С одеждой у нее было хорошо, гораздо лучше, чем у подавляющего числа студентов, да и преподавателей тоже. Когда еще только «налаживала взаимодействие» с лавочником Евдокимом Герасимовичем, она ему как-то мимоходом посетовала на невозможность найти иглы для швейной машинки — и буквально через неделю получила от него целую упаковку таких игл: оказалось, что их было очень просто заказать через контору под названием «Внешпосылторг» — и лавочник про нее знал. Так что у Веры появилась работающая швейная машинка — а тканей она уже успела накупить немало. Ну а шить умела каждая «воспитанная девушка Российской империи»: рукоделие девочкам не только в гимназиях преподавали, но и в «институтах благородных девиц». Конечно, в империи разного рода ателье было очень много — но уже начиная класса с пятого в гимназиях большинство девочек ходили в платьях, сшитых собственными руками, даже те, чьи семьи могли позволить дочерям хоть туалеты из Парижа заказывать, хоть самих портных оттуда… Просто принято так было — и Вера Андреевна исключением не была.
Так что одежды она себе нашила много, хорошей и разной — в том числе и два строгих «английских» костюма из серой «английской» же шерсти. Правда, чаще она все же ходила в одежде менее строгой, стараясь хоть в этом «слиться с толпой» — но сегодня случай был особый, и Вера выбрала именно строгий костюм. Светло-серый: все же для темного погода была еще недостаточно прохладной. И — по нынешним временам — костюм был все же покроя несколько необычного: юбка-карандаш пока особой популярности не завоевала. Вообще-то до ее распространения в женских народных массах оставалось еще лет тридцать, но Вера Андреевна в таких (практически одного покроя, разве что размеры постепенно увеличивались) почти всю жизнь проходила, так что чувствовала себя она в этой одежде совершенно свободно — но и такая мелочь могла помочь ей в предстоящей «дискуссии».
А еще она хорошо позавтракала. У Веры вообще получилось быт наладить очень удобно: вопросами приготовления еды занималась Дора Васильевна, до сих пор, похоже, так и не поверившая в счастье, которое свалилось на нее в виде этой жилички. Она же следила за тем, чтобы белье всегда было свежим (Вера настояла, чтобы постельное белье менялось еженедельно), одежда всегда была выстирана и выглажена (для чего хозяйка наняла приходящую прислугу) — поэтому на заседание Вера шла «во всеоружии». Сытая, довольная, приодетая — и, похоже, старалась она не зря: собравшиеся преподаватели поглядывали на нее с заметным интересом — и не менее заметным уважением. Не с таким, как уважают, скажем, коллег по работе, а с таким, с каким относятся к малознакомому человеку, который «следит за тем, чтобы в любых обстоятельствах даже внешне этим обстоятельством соответствовать».

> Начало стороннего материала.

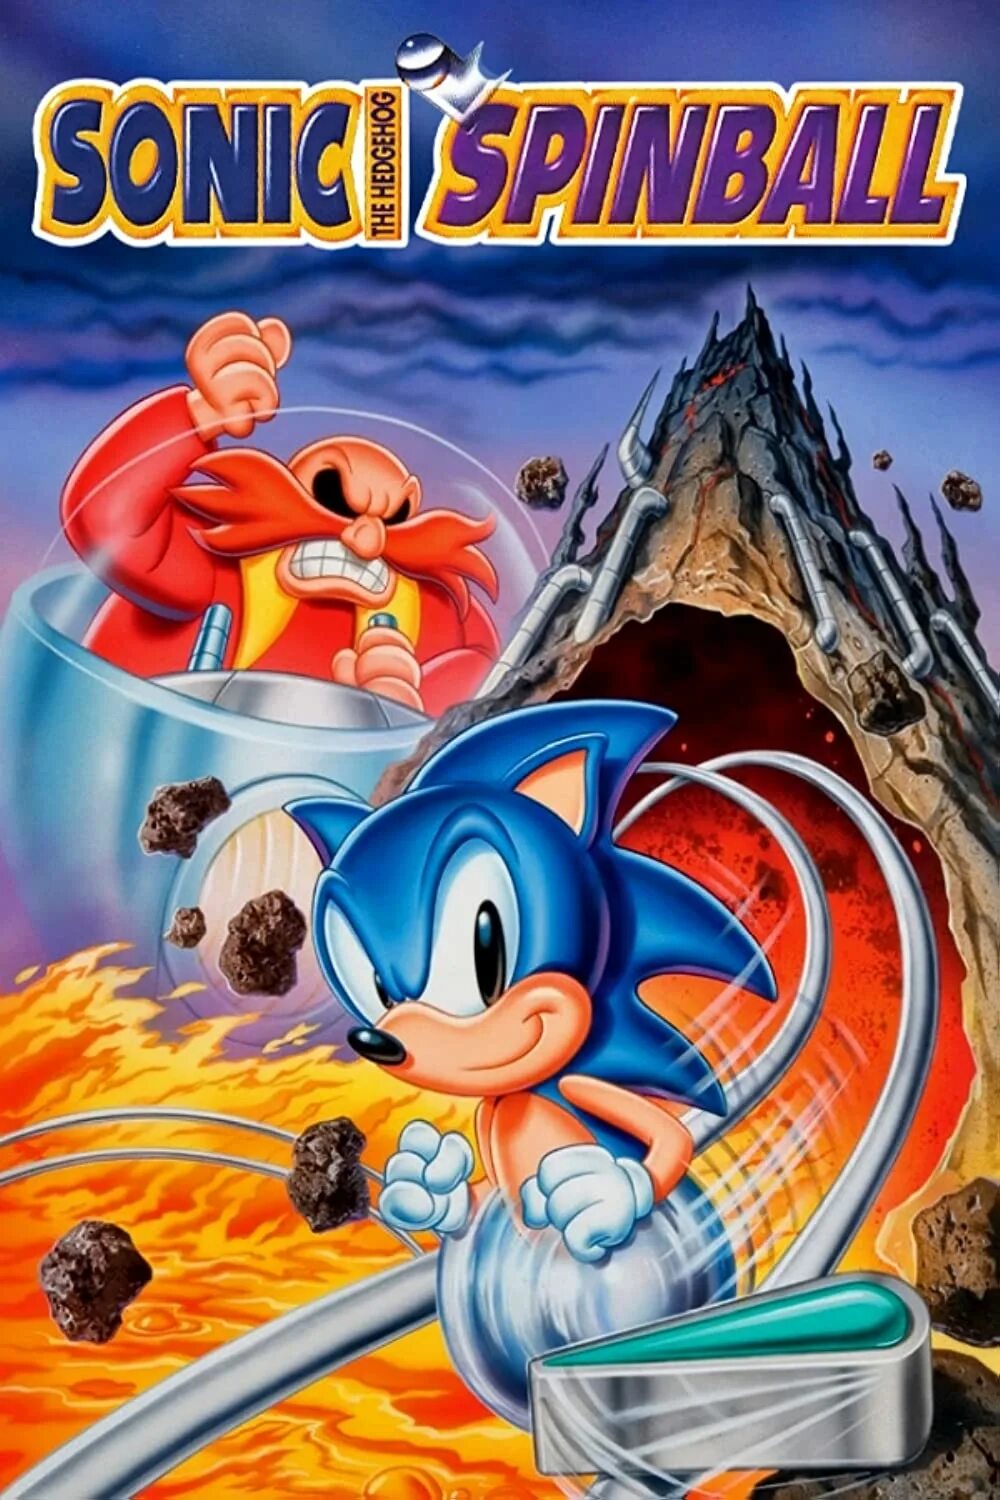 Sonic на сеге. Sonic 1993 игры. Соник игра сега. Sonic the Hedgehog Spinball. Sonic the Hedgehog Spinball игра.

Когда все собрались, слово взял Валентин Ильич, и речь свою он толкал недолго:
— Ну что же, начнем? Давайте по морской традиции предоставим слово самому младшему: пусть каждый получит возможность высказать свое мнение, не задавленное мнениями более авторитетных товарищей. Есть возражения? Вера Андреевна, мы вас слушаем.
— Ну раз традиция… Я тут внимательно прочитала нынешнее положение о приеме студентов на обучение, и мне кое-что не понравилось. То есть то, что каждый из абитуриентов должен успешно сдать вступительные экзамены, мне наоборот понравилось очень, однако вот список исключений, записанный после этого пункта, несколько настораживает.